He has led externally funded research projects as principal investigator with a total funding volume exceeding €9 million, partly acquired independently and partly in collaborative research contexts. His academic record includes more than 40 peer-reviewed scientific publications, more than 50 invited presentations at universities, research institutions, and international conferences, and more than 10 invited keynote lectures at international conferences.
His international academic experience includes research and teaching activities in Germany, Switzerland, the United Kingdom, Singapore, Jordan, and Japan. He taught at the University of Freiburg and held a long-standing teaching appointment at the University of Basel from 2013 to 2020, where he offered courses in computational sciences, advanced quantum mechanics, electronic structure theory, general chemistry, and related areas of advanced physics and chemistry while completing his habilitation in Physical Chemistry. His international activities further include research visits at the University of Oxford in the United Kingdom, teaching and research activities at Nanyang Technological University in Singapore, guest teaching as Guest Professor and Lecturer for Calculus I and II at the School of Basic Sciences and Humanities of the German-Jordanian University in Amman, and a visiting professorship at the University of Tokyo in Japan.
In addition to his university and public-research career, he has professional experience outside academia. This includes private-sector work in drug discovery, linkage and association studies, cell-culture-based research, and software management at SAP, a leading European enterprise software company. He also established and directed his own laser laboratory, built from the ground up for research in applied physical and computational contexts.
He is the author of scientific textbooks and monographs published by Springer. His current academic work combines research, university teaching, scientific book projects, conceptual synthesis, and the communication of physics, mathematics, scientific computing, and the intellectual foundations of university-level education.
His teaching profile is complemented by formal higher-education teaching training at the University of Basel, including the SEDA-accredited qualification “Supporting Learning”. This training focused on university-level teaching, learning-oriented course design, professional teaching practice, and the reflective development of academic education.
In retrospect, my habilitation at the University of Basel was one of the most demanding academic projects of my professional life. It was not developed within the protected setting of an internal university appointment, but alongside a full-time research position as senior scientist at the Fraunhofer-Gesellschaft, project leadership, research proposals, publications, family responsibilities, regular travel to Basel from Freiburg, and my own higher-education teaching qualification. For me, this period represents not only academic qualification, but also perseverance, self-organization, and the ability to bring a long-term academic goal to completion under demanding conditions.

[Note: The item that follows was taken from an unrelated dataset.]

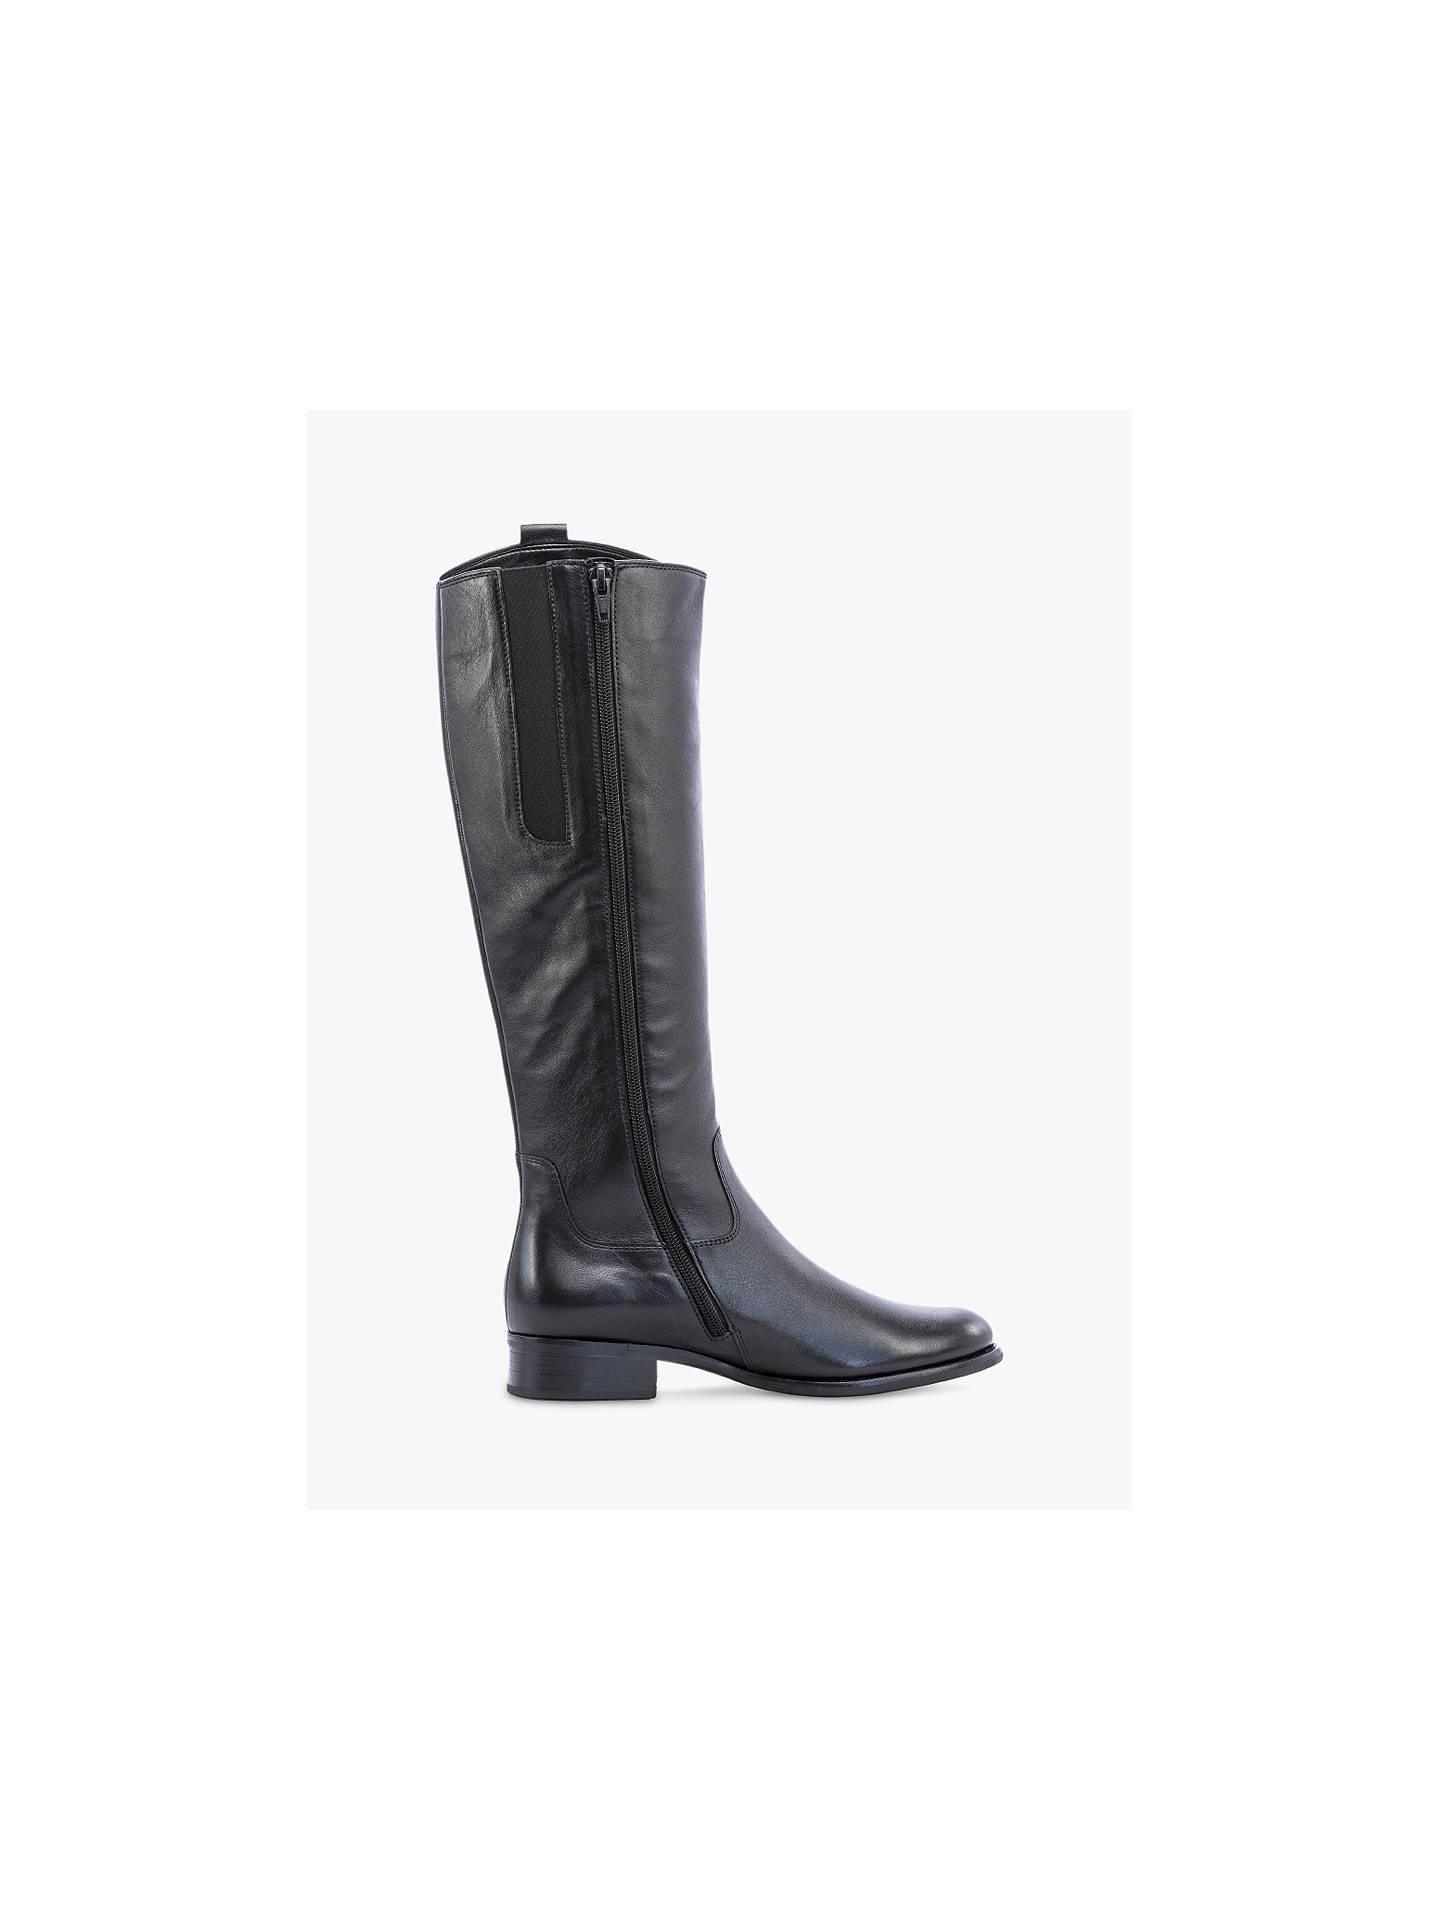 80242c4aca1 Buy Gabor Brook Long Slim Block Heel Boots

My approach to university teaching combines conceptual depth, mathematical clarity and a learning-oriented structure of academic instruction. During my habilitation period at the University of Basel, I completed a multi-semester program in academic teaching and higher education didactics. The program led to a Higher Education Teaching Certificate accredited by the Staff and Educational Development Association, London. It included course work and reflective work on learning-oriented course design, student feedback, assessment, peer observation and the development of a teaching portfolio.
This background is important for my teaching philosophy. I do not understand academic teaching as the mere delivery of examination routines, but as the structured development of scientific thinking and understanding. In physics, mathematics and computer science, this means that students should not only learn procedures, but also encounter the conceptual architechture of a scientific subject.